One day in the late 1800s an archaeologist acquired a hyena, and with it he came up with a theory that changed the world.
Picture the scene. You’re out walking in Yorkshire Dales and you come across a cave. Upon scrambling down into that cave, you find that it filled with animal bones. At first you assume they are the usual things like deer, cattle, sheep and maybe even a dog or two. But pretty soon it becomes clear that these are not like any bones you’ve ever seen before…
That’s exactly the scenario that faced John Harrison, the Rev William Buckland and numerous British scientists about 150 years ago. These bones were clearly not from any animals living in the British Isles, so how did they get here?
It’s exactly the same kind of assemblage that we’re dealing with from the Victoria Cave archive; lions, elephants, rhino and even hippo. As it turns out, these animals didn’t ‘get here’ – they lived here, albeit a very long time ago. But what’s all this got to do with a real, live hyena?
The road to Kirkdale Cave was littered with animal bones
Kirkdale Cave is a small, stream conduit cave that can be seen in a quarry close to Pickering in North Yorkshire. It was discovered in 1821 by workers who were digging out stone to repair potholes in local roads. John Harrison, a local surgeon, was walking along the newly repaired road when he noticed teeth and bones in the aggregate. But they certainly weren’t cattle…
He tracked the aggregate back to its source, and found the entrance to Kirkdale, which had been freshly exposed by the quarryworkers. He ducked inside, and found a thick layer of bone…
Along comes William Buckland – eater of animals
Word got out about the strange species inside the cave. Local naturalists began to visit, and that’s when John decided to contact William Buckland – Professor of Geology at Oxford University and Dean of Westminster. Buckland was an interesting character; Buckland held frequent dinner parties and claimed to have eaten his way through the animal kingdom (zoöphagy). Still dressed in his academic gown, he hurried up to Kirkdale Cave in 1822 to examine the bones.
Buckland ponders a collection of strange balls
Among the bones, Buckland recognised the skeletons of elephants, mammoth, hippo, rhino, bison, reindeer, giant deer, wild ox, pig and many other smaller mammals and birds. Many of the bones were jagged at the ends and he realised that they belonged to animals that had been eaten. He also noted some hard white calcareous balls. But what were they?
It was a zookeeper who initially pointed out to Buckland that the round calcareous balls looked a bit like hyena poo.
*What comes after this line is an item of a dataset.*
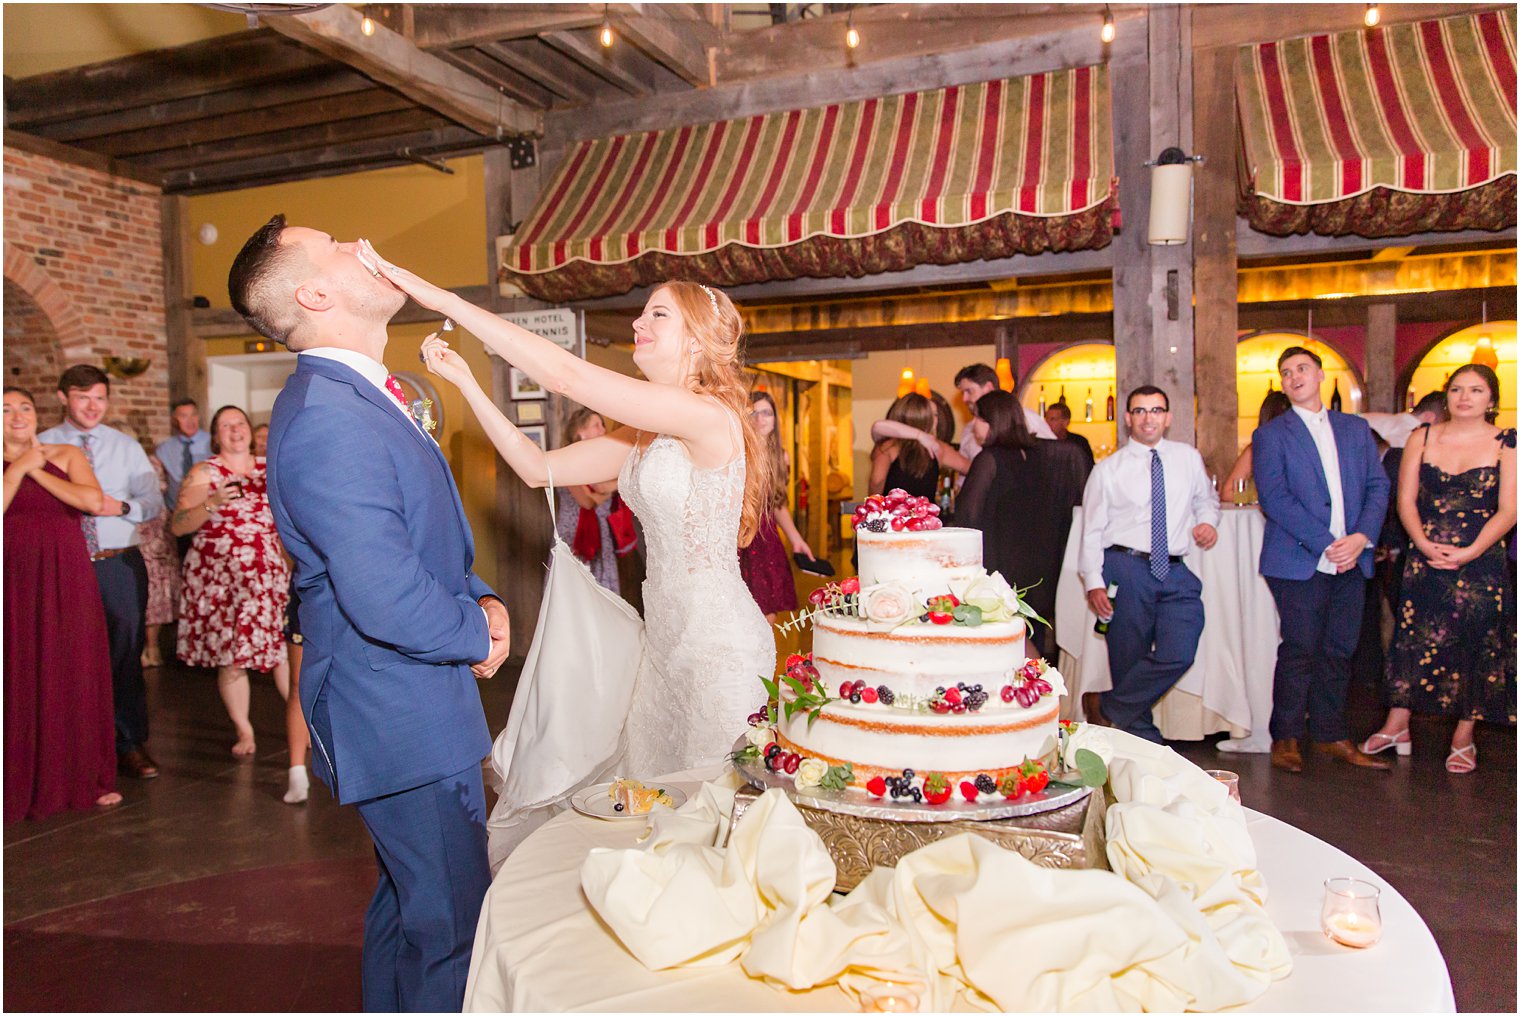 Cake cutting during wedding at Laurita Winery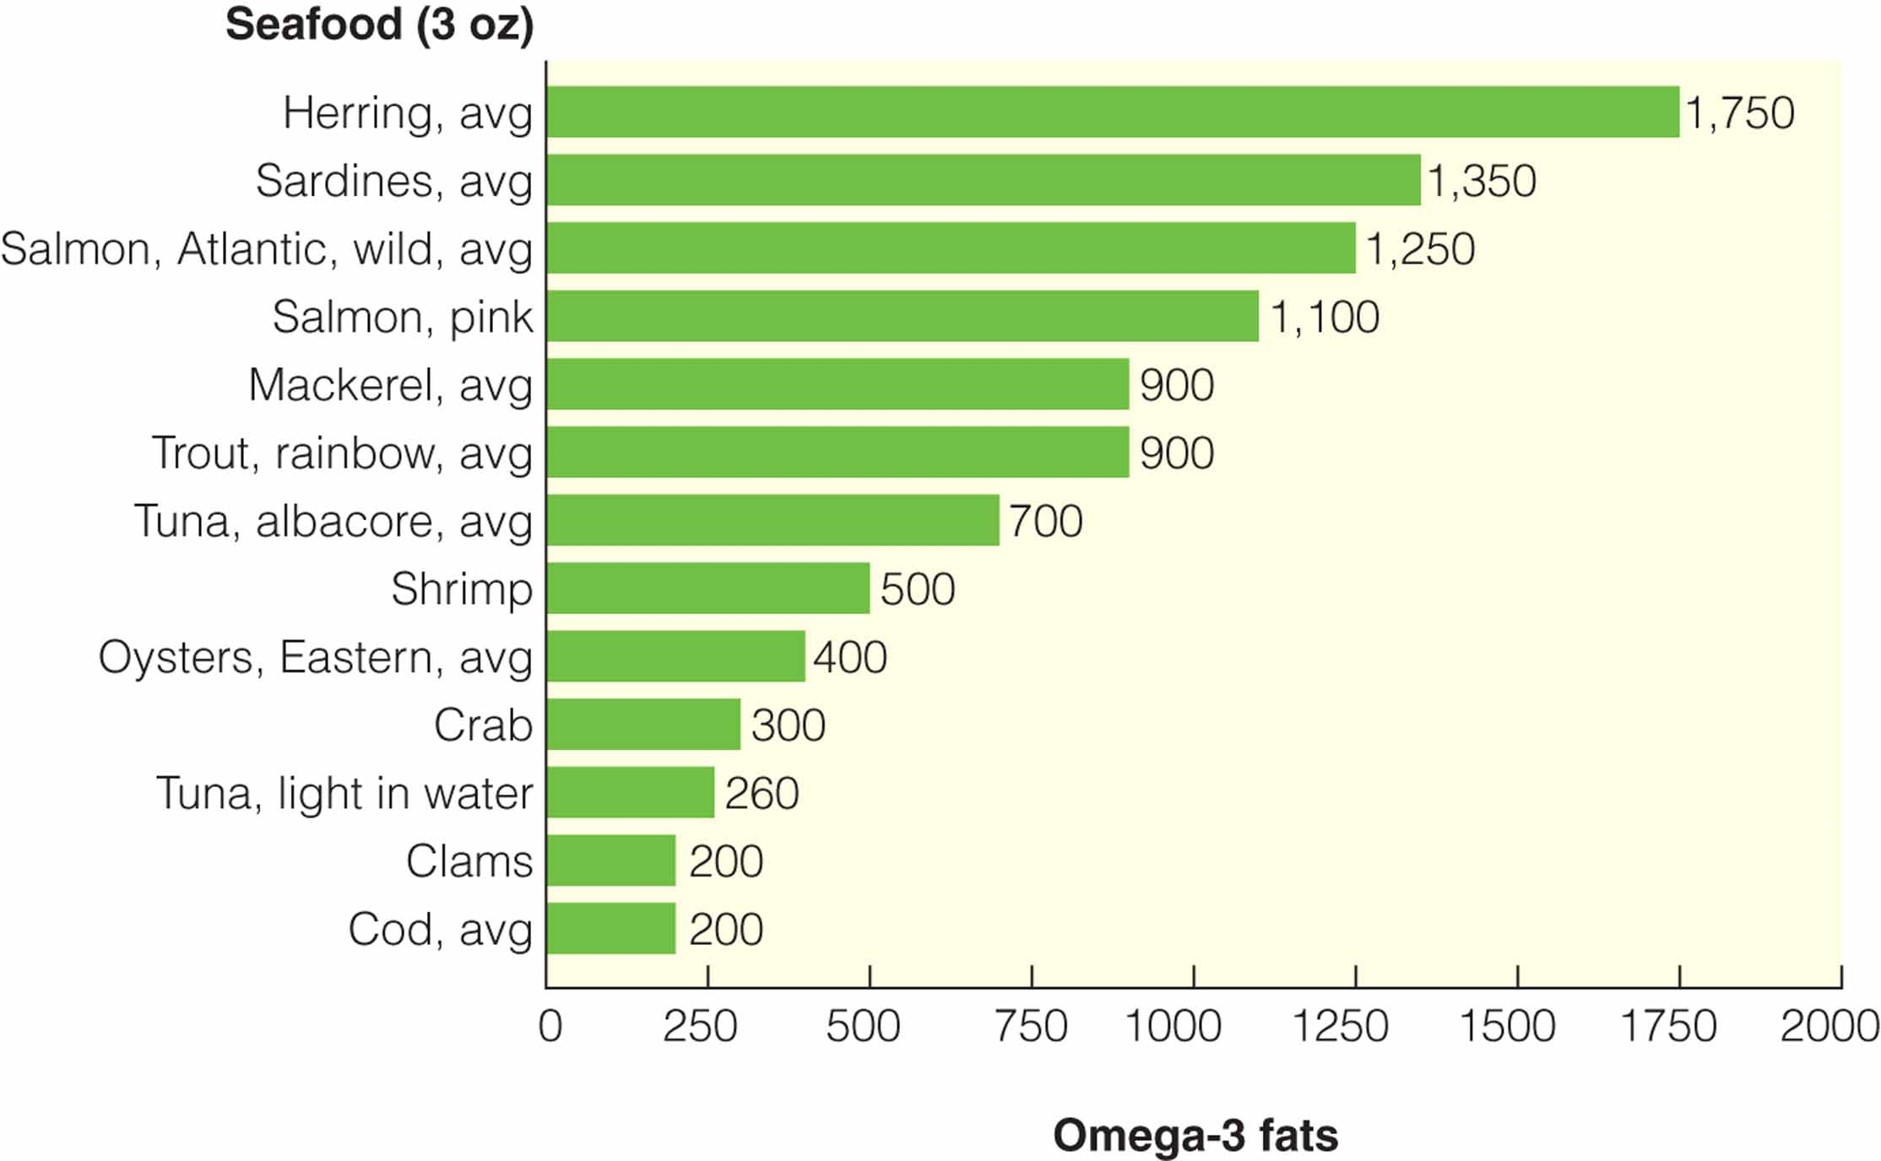 Omega-3 Fatty Acids in Fish

In the 1800s, the obvious explanation for finding African animals in an English cave would be that they had been washed in by Noah’s Great Flood. But though Buckland was a man of the church, he was also a man of science. For him, finding chewed up bones and faeces suggested that something about this theory was wrong. It couldn’t simply be that all these animals had been washed in by a flood. Surely the fact that they were defecating in the cave meant they also had to be living there and eating there?
Were these balls really fossilised poos of hyenas that had once been scavenging live hippo and rhino, right here in the Yorkshire Dales? Inspired by the suggestion, Buckland trusted his instinct and decided to further test his theory the only way he knew how…
This is the bit where he acquires a hyena
Buckland found a travelling zoo that was visiting Oxford, and got hold of a hyena. He fed it a whole hind quarter from an ox and then, he waited…
Once the hyena’s digestive system had worked its magic, Buckland collected the poo and took a closer look: the marks on the chewed up bones and the shape of the excrement matched the fossilized ones from Kirkdale cave perfectly. In fact, the word archaeologists now use for fossil poo – coprolites – is a word invented by Buckland. This was one of the first undertakings into experimental archaeology.
And with it, he came up with a theory that changed the world…
In 1823, Buckland wrote about Kirkdale Cave in his famous book, Reliquiae Diluvianae. In it, he challenged the theory that it was the floods of Noah that had washed these bones into the cave (as people at the time had thought). Instead he proposed that the hyenas had actually lived there (in Yorkshire) along with the animals they had devoured (hippo, elephant and rhino).
These bone assemblages that are so characteristic of Yorkshire’s caves have since been nicknamed ‘Hippopotamus Fauna’ and recent uranium series dating of the flowstone covering the bone beds dates them to about 125,000 years old.
This puts the faunal assemblage into the Ipswichian interglacial; exactly the same period as the assemblage that we’d like you to help us record from the Victoria Cave archive.